Beth screamed. “It’s her! It’s her! She followed me!” She hid herself between the recliner and the end table. “Don’t let her! Don’t let her! Please!”
“Hush, sweetheart. You stay down there, out of sight. We’ll handle it.” Samantha pulled her sidearm from the drawer. Even unsteady on her crutches, she drew her gun from the holster without a fumble, falling, or dropping it. She pulled the magazine, checked it, drove it home, then chambered a round.
The front door knob rattled.
Her head jerked up. “You didn’t lock it, did you?” Samantha said.
He frowned at her. “I’m a consultant, not an idiot.”
She shrugged, then offered him an apologetic grimace. “Sorry.”
He nodded. “Accepted.”
Sharp pops exploded; wood splintered.
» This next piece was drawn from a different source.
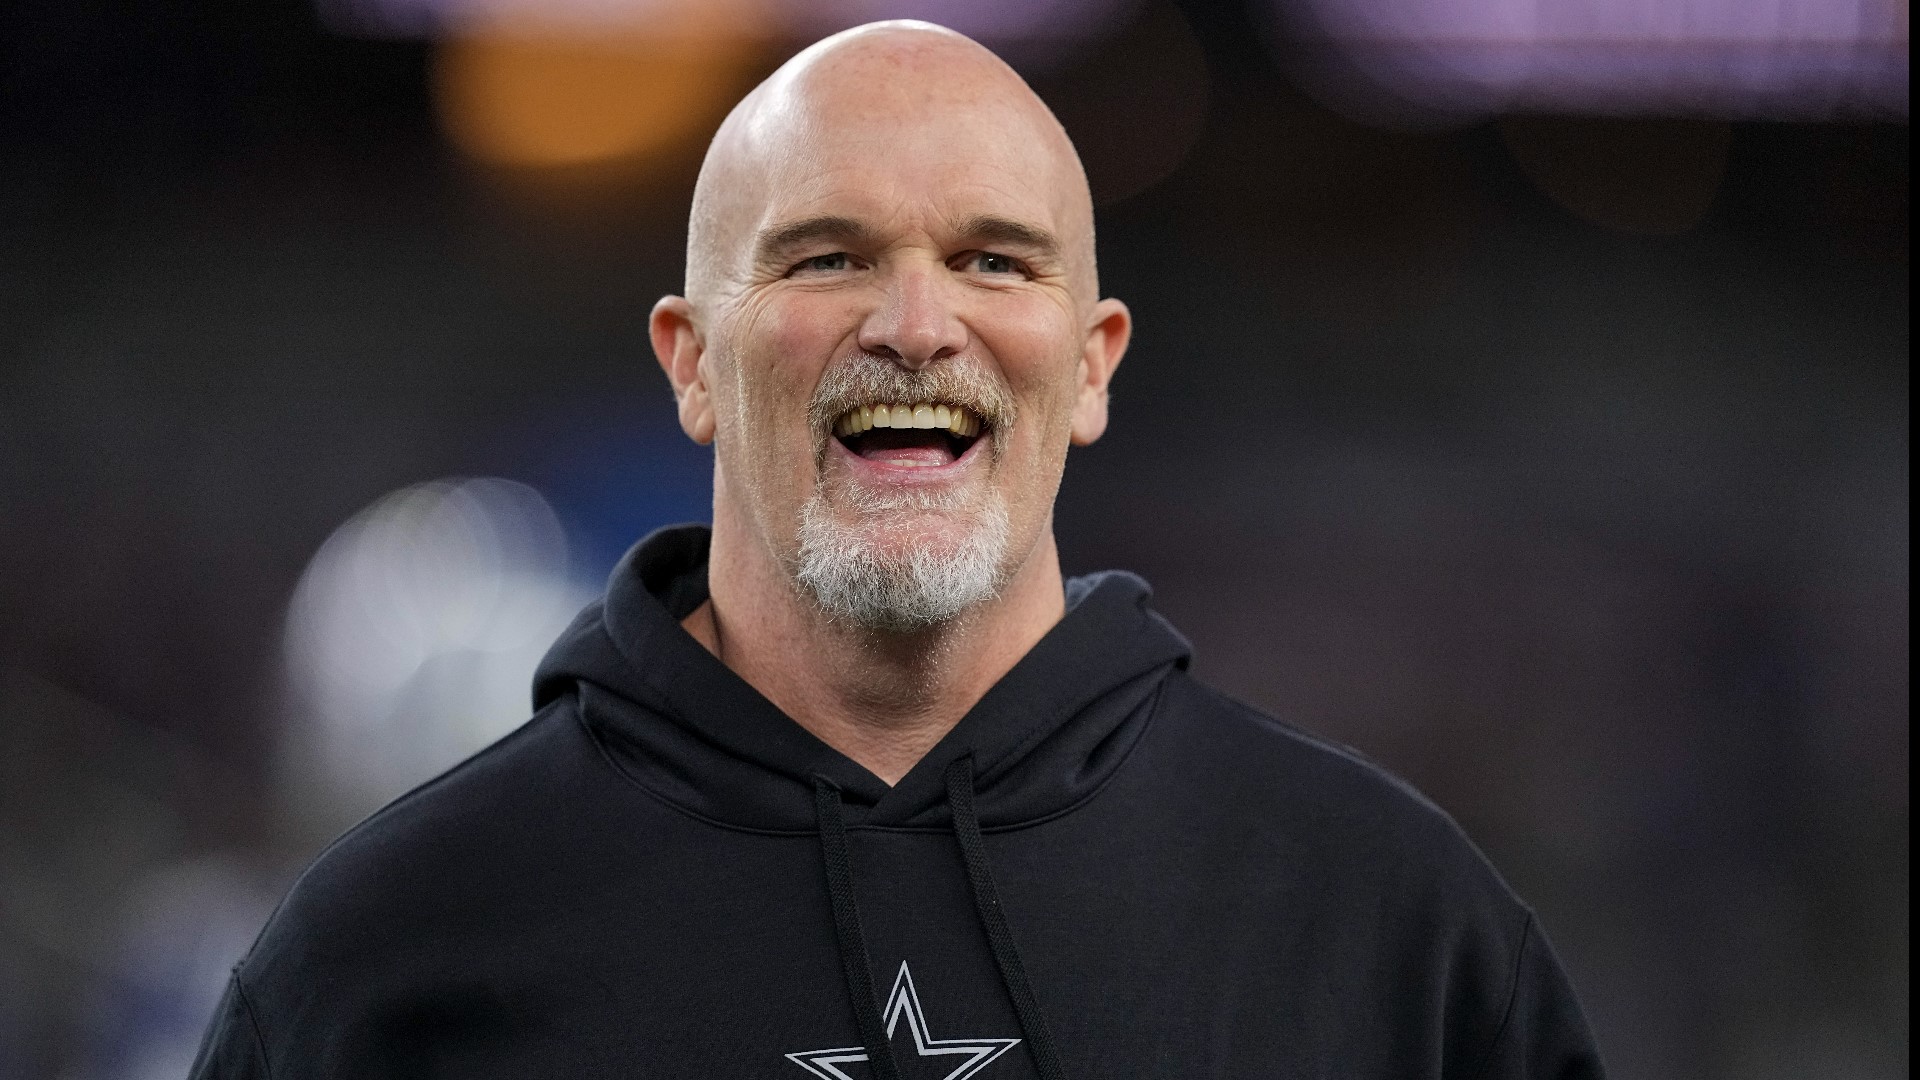 The team confirms a verbal agreement between the Commanders and the former Cowboys coordinator.

The front door burst open.
“Bethany!” A soprano, shrill as an angry cockatoo, pierced the room.
Samantha put her right hand behind her back, with her finger on the trigger of her Smith and Wesson.
Jane motioned to Beth, caught her attention, then put his finger against his lips. She gulped, then nodded. She wound herself into a tight ball, huddling against the chair.
“You come here right now! You hear me?”
Samantha spoke in response. “Who’s there? What are you doing in my house?” No panic in her voice: nothing but calmness, resolve, strength. Her face told him something else—he knew that rage. Sometimes it surprised him in a mirror.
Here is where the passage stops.